Abelson and Sussman’s Structure and Interpretation of Classical Mechanics has a Scheme implementation of this idea, which they use to implement an environment for symbolically and numerically manipulating physical systems.

2. #### Jaak:

It’s pretty and all, but either you have something missing or something wrong. Because the code doesn’t simply work (lots of complaints along the lines of “Could not deduce…” and “Couldn’t match expected type…”), something funky seems to be going on with dlift. I’d appreciate full working code.

• Jaak
3. #### Perehene:

Very interesting post. I am a newbie in haskell and I wanted to give it a try, but I get a bunch of errors in ghci. Could you put the source code and the required options to use it in ghc? Thanks a lot!

4. #### conal:

Jaak & Perehene: I’ve added source files: NumInstances.hs and Dif.hs. Enjoy!

5. #### Nikolay:

multiplication may pull x’ and y’ while result is just requested for (D (x*y) _ _), I think

6. #### Conal Elliott » Blog Archive » Higher-dimensional, higher-order derivatives, functionally:

[…] post Beautiful differentiation showed some lovely code that makes it easy to compute not just the values of user-written […]

7. #### Samuel Bronson:

What’s with the funky `"’"` characters??? Why not normal `"'"`?

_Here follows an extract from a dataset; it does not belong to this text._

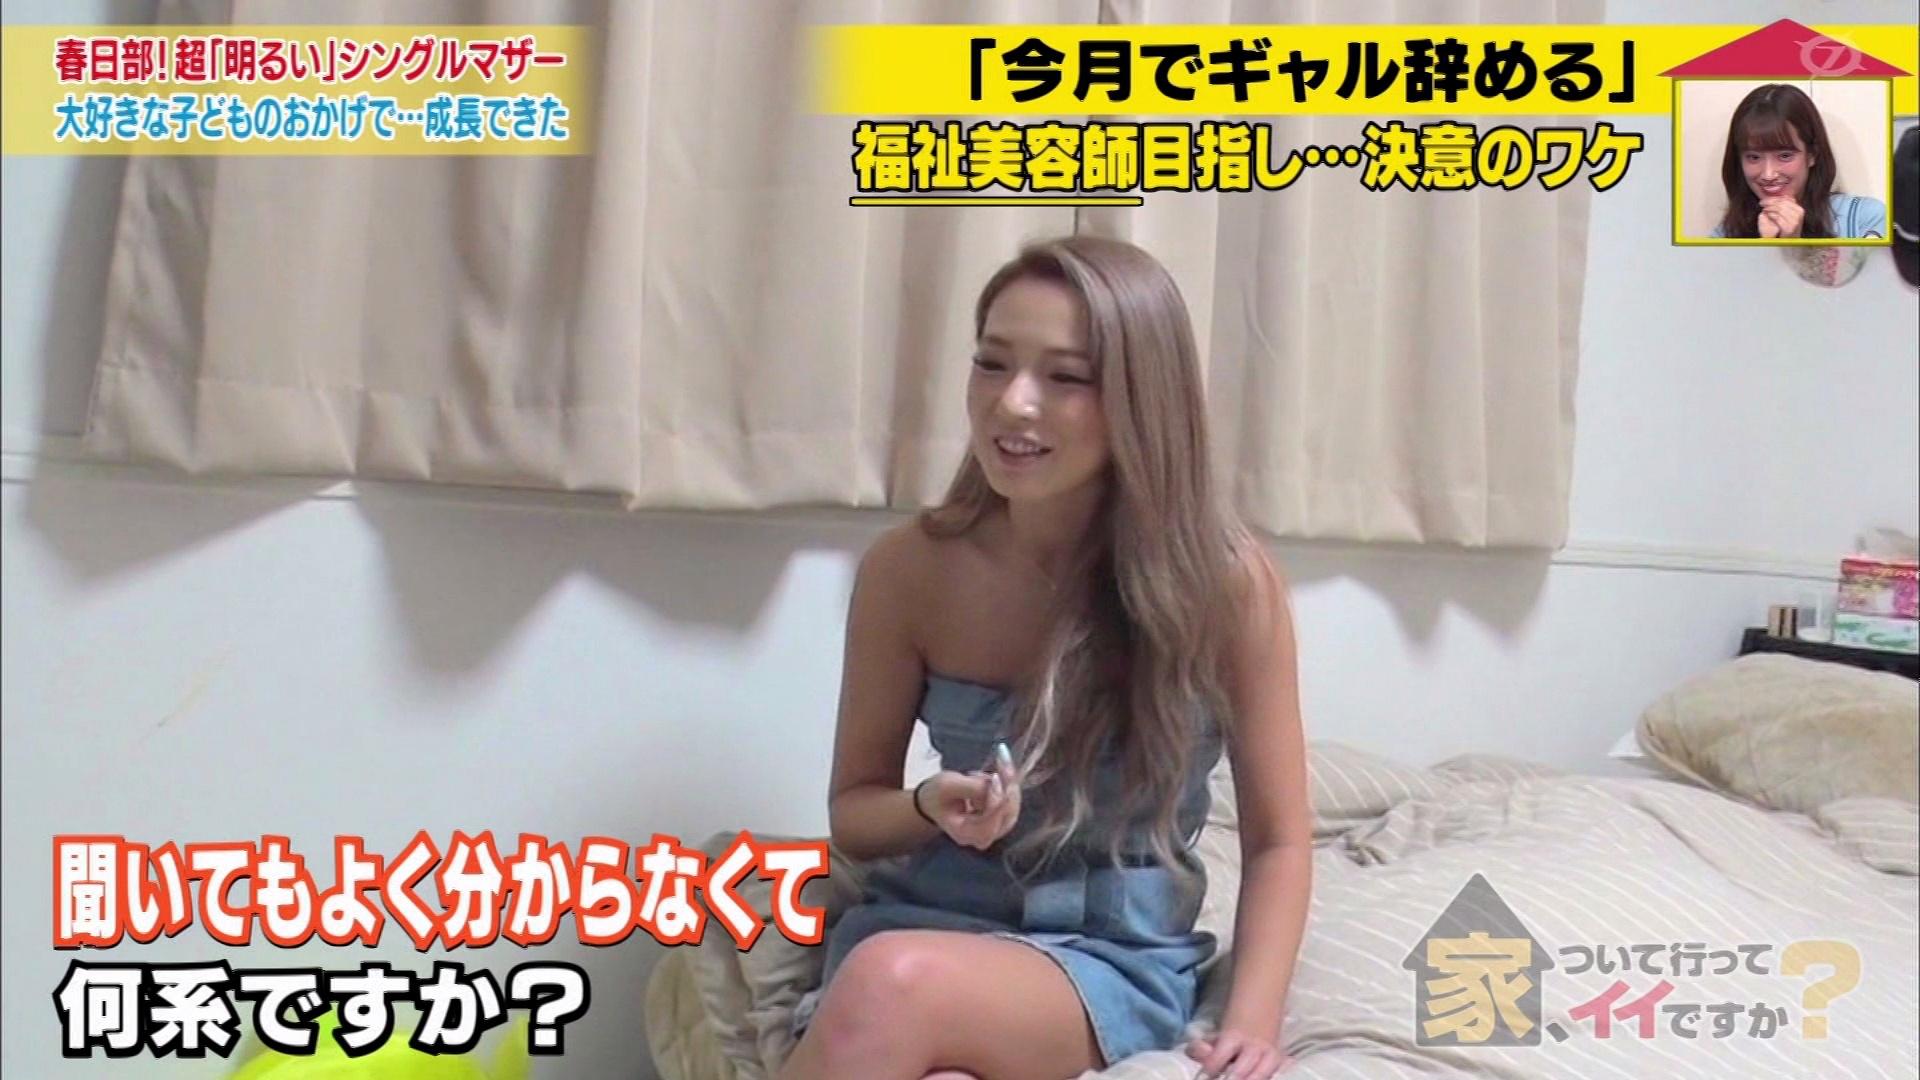 2019年8月14日に放送された「家、ついて行ってイイですか?」のテレビキャプチャー画像-368

8. #### Conal Elliott » Blog Archive » What is automatic differentiation, and why does it work?:

[…] can also be made prettier, as in Beautiful differentiation. Add an operator that captures the chain rule, which is behind the differentiation laws listed […]

9. #### Conal Elliott » Blog Archive » Why program with continuous time?:

[…] has been integral to FRP since the first incarnation as ActiveVRML. I’ve written several things recently about denotational […]

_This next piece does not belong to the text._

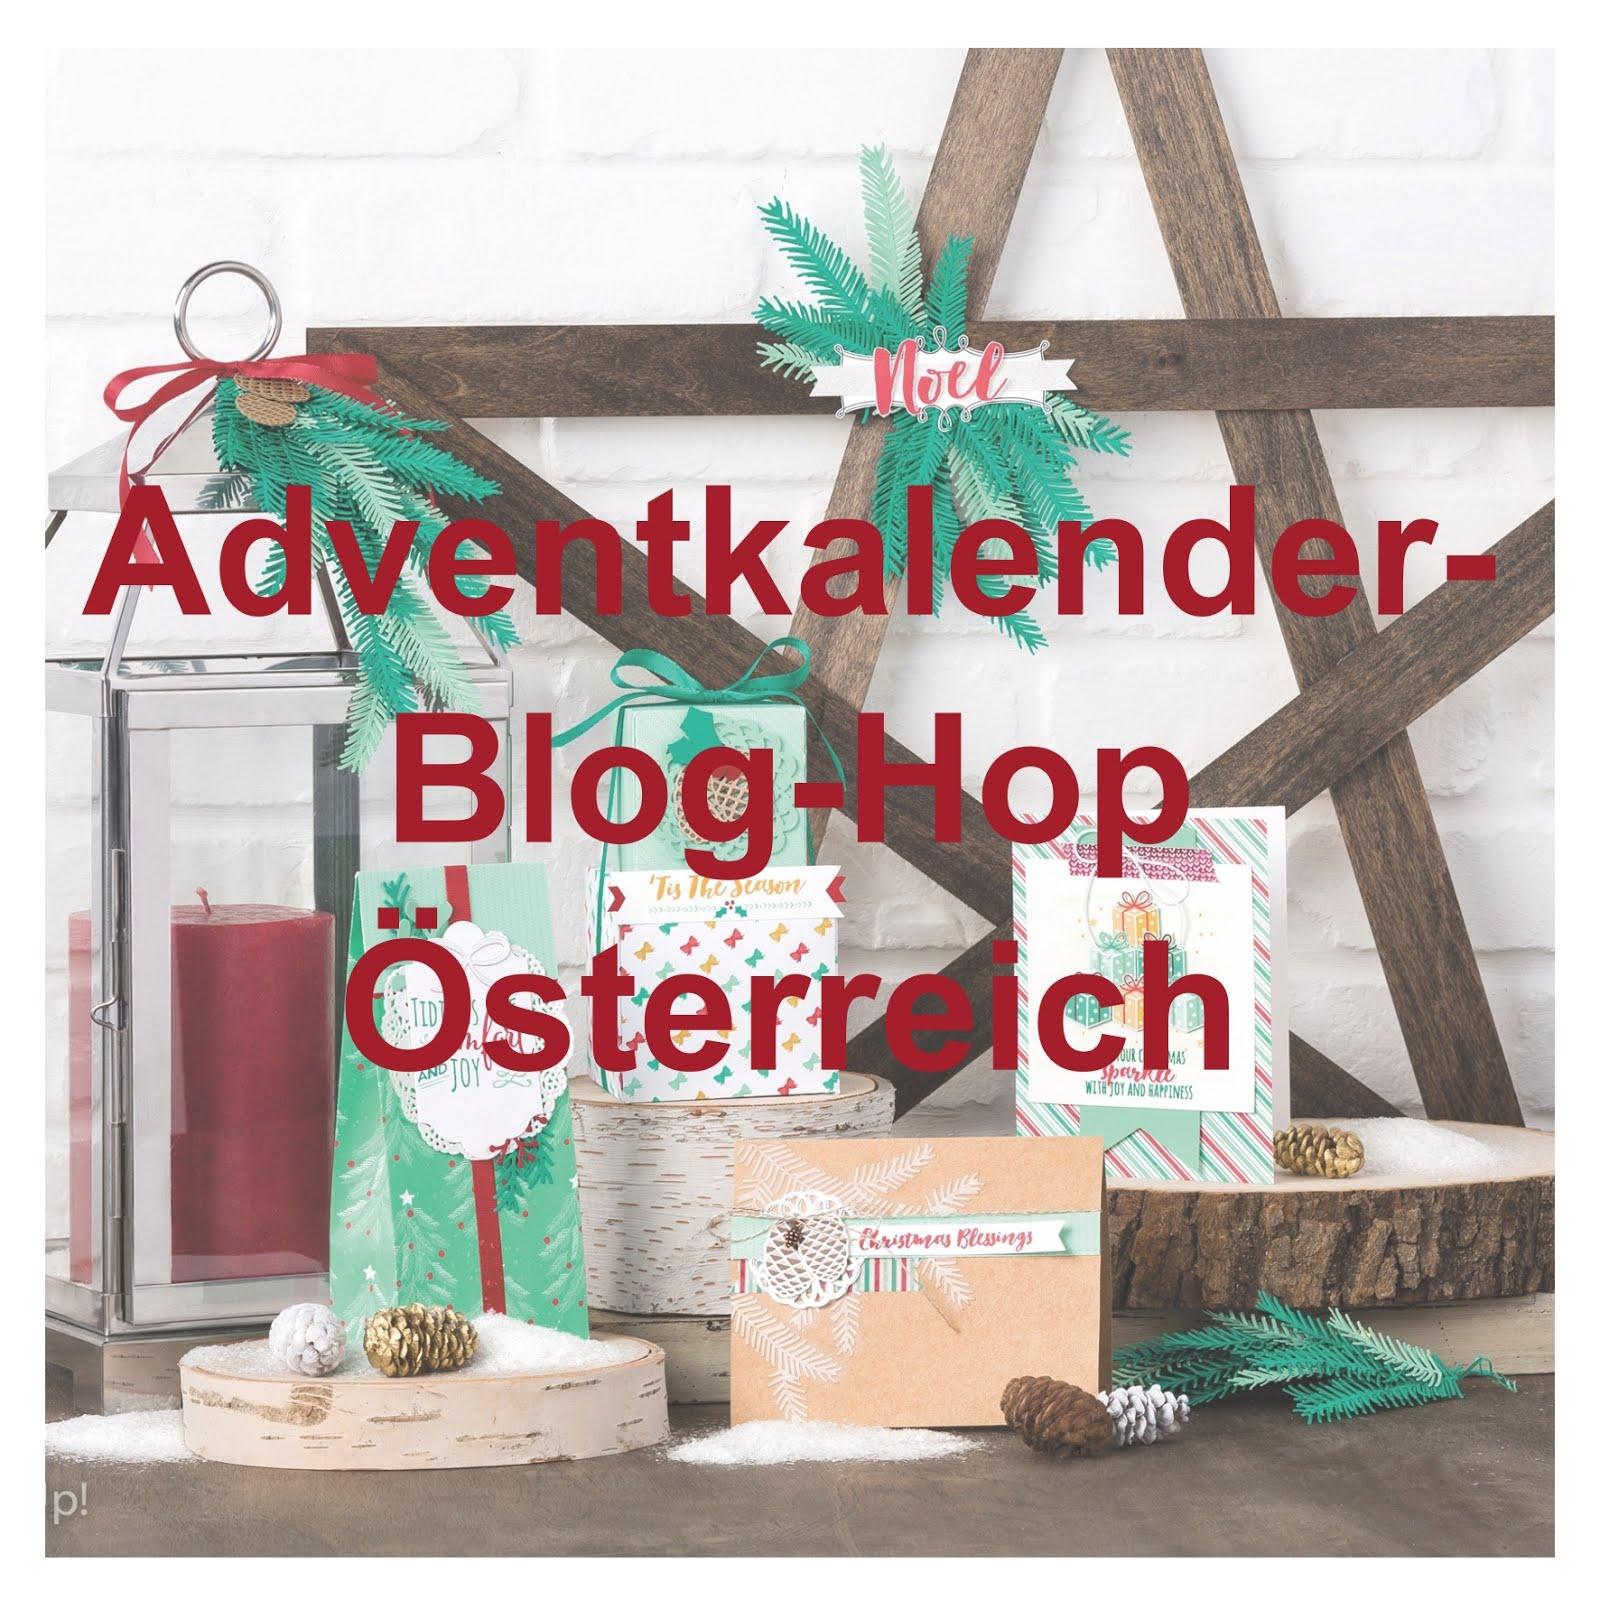 Adventkalender-Blog-Hop der österreichischen Stampin' Up! Demos

10. #### Conal Elliott » Blog Archive » Is program proving viable and useful?:

[…] For more examples of formally simple specifications, see the papers Denotational design with type class morphisms and Beautiful differentiation. […]

11. #### Conal Elliott » Blog Archive » Garbage collecting the semantics of FRP:

[…] interactive behaviors are some sort of function with all of its derivatives. See Beautiful differentiation for an specification and derived implementation of numeric operations, and more generally of […]

12. #### Aleksandar Bakic:

I believe Calculus in Coinductive Form is relevant.